The two tendencies point to certain positions. General Alon and his supporters are the majority in the bureaucratic hierarchy of the Labour block, and are also more widely supported by the world Zionist movement. Apparently more moderate on the future of the occupied territories, they seem able to bend more to the will of the four Big Powers. General Dayan, Mr. Begin and Mr. Ben-Gurion have the majority vote in the country, as the recent elections, and the facts, confirm: an inauguration ceremony for a new, Jewish, urban centre, under construction on Mount Hebron, took place on 12th October. The new Zionist establishment’s logic is moving along the lines desired by General Dayan.
Sometimes these two tendencies are led to hide their aims. Mr. Ben-Gurion has afforded us a striking example of this when he declared, on his recent arrival in France: “In my opinion, if we could have peace now, we would seize the opportunity. Israel would have to give back most of the territories which it conquered during the war, with the exception of Jerusalem and the Golan Heights” (Le Monde 26-27th October, 1969).
However, Ben-Gurion’s sentence begins with an “if”, an enigmatic “if”. Insistently invited to explain the conditional, he did so during an interview: “Let me tell you something. If I could do it, if I had the choice, I would have given up the territories in exchange for peace”. A journalist asked him if he was, then, in agreement with Mr. Eban. Ben-Gurion snapped back: “I don’t agree with Mr. Eban. You didn’t understand me. Perhaps he thinks that there is a choice between keeping the territories and obtaining peace (…). I said ‘if we had’ the choice I would have chosen peace” (The Jerusalem Post, Weekly Selection of 13th October 1968). As he does not think that a choice exists, and on a Zionist basis peace is effectively excluded, he is on the side of General Dayan, the man who had understood that “one must learn to live with a million Arabs”.

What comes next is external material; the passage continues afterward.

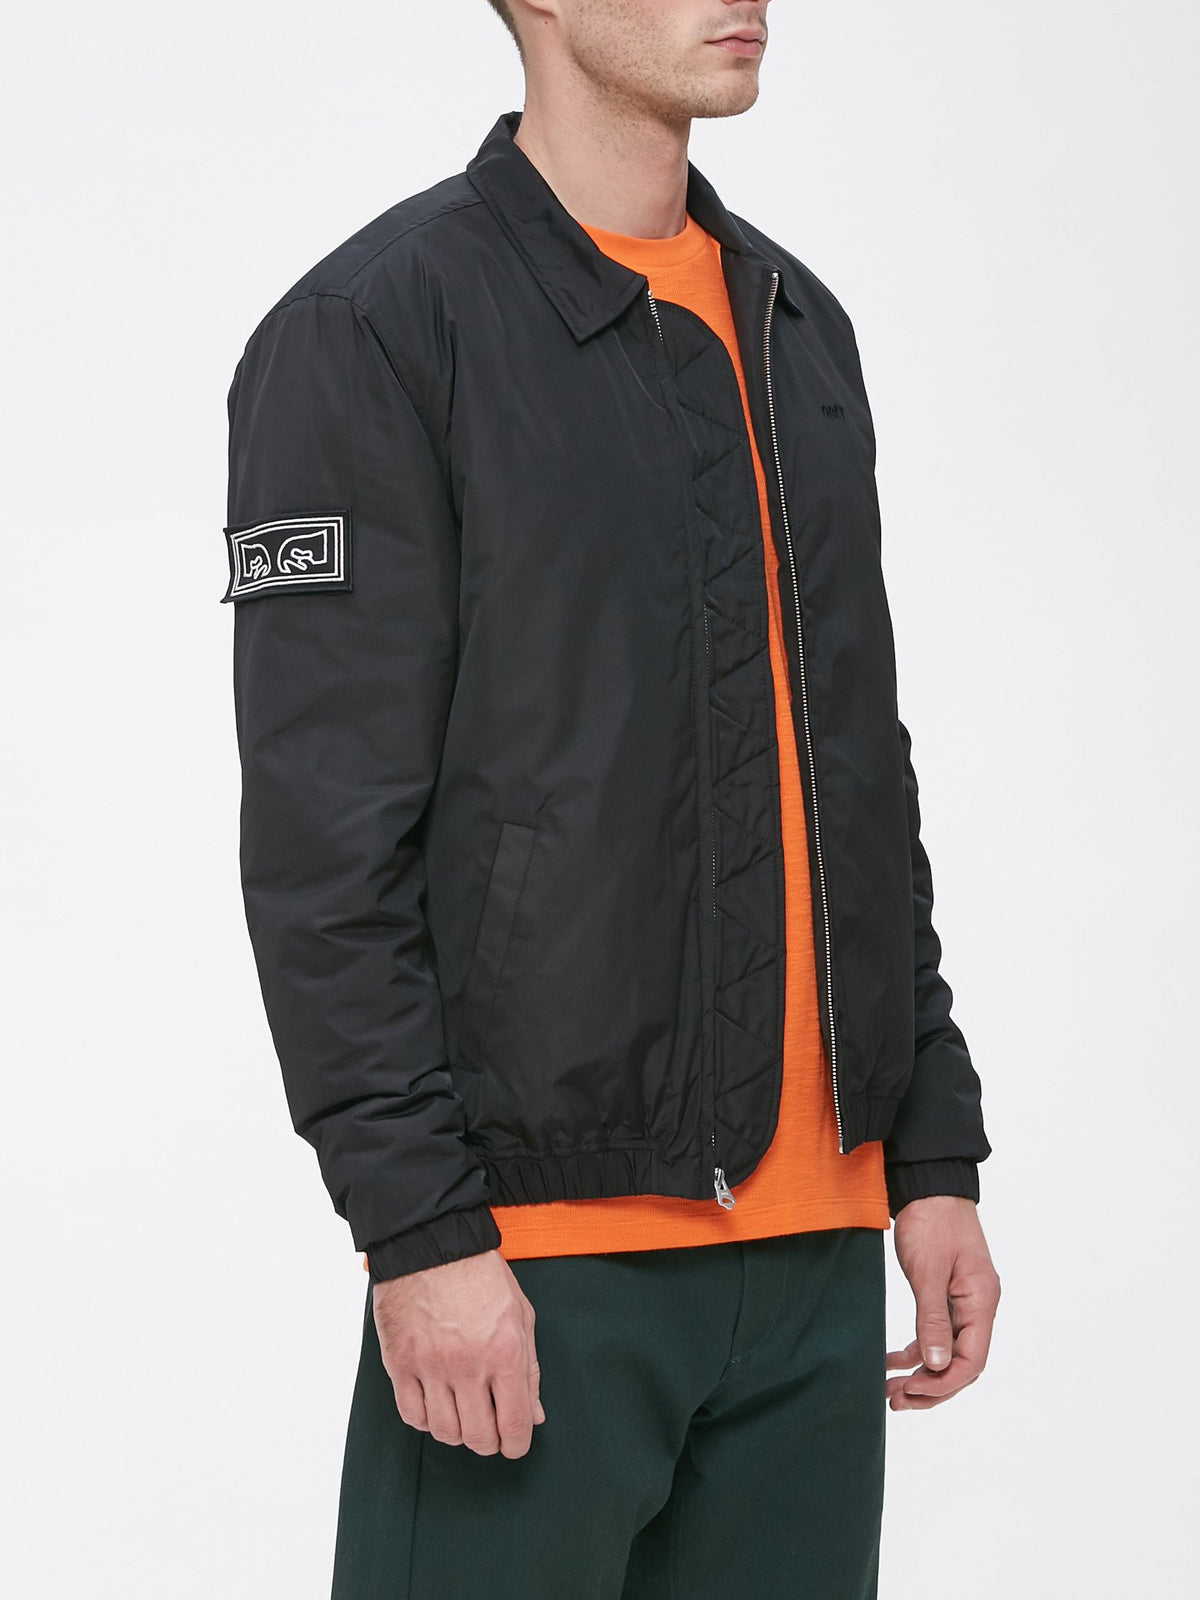 OBEY - Mission Men's Jacket, Black - The Giant Peach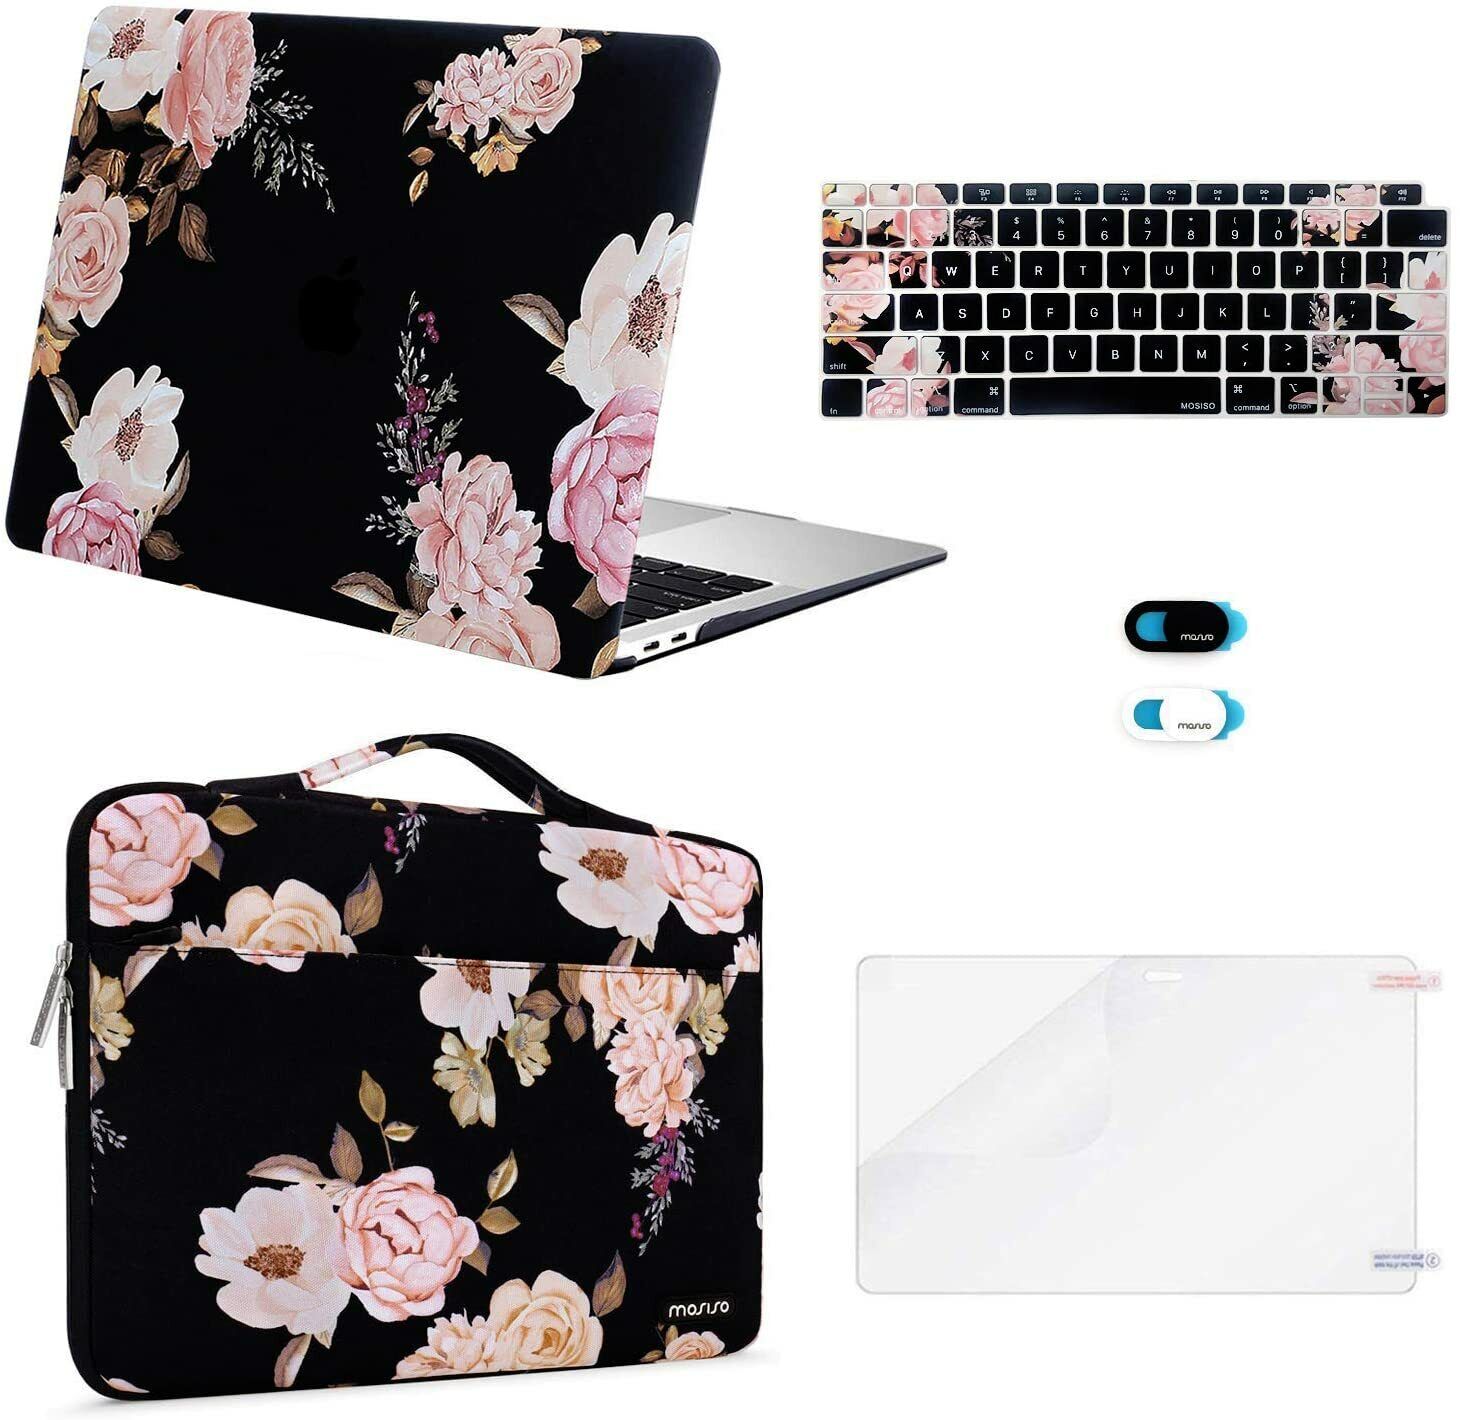 Mosis Plastic Hard Shell Case Pattern Sleeve Bag for Macbook Air 13 A1932 A2179

“Katman” or “Taqiyya” are notions borrowed from Islam, meaning “the systematic dissimulation of their ideas, practised by heterodox mystics” (According to Professor Maxime Rodinson’s definition). These notions are more than a diplomatic necessity in Israeli society today: they are a reality.
This reality is dominated by a position which is developing slowly as a consequence of the resistance of the Palestinian people.
Parallel to this the Israelis are expressing a refusal – still, it is true, a vague refusal – to assume the role of a “people-class” which would directly exploit the Palestinian people and would, in its turn, be obliged to submit increasingly to the most retrograde forces in the international arena. This refusal is exposed directly by the slogans “Neither Jerusalem nor the Golan Heights”, “Down with the occupation, every occupation!” The co-existence of the two peoples in a revolutionary, united Middle East, demands first of all the abandonment of all politics of conquest.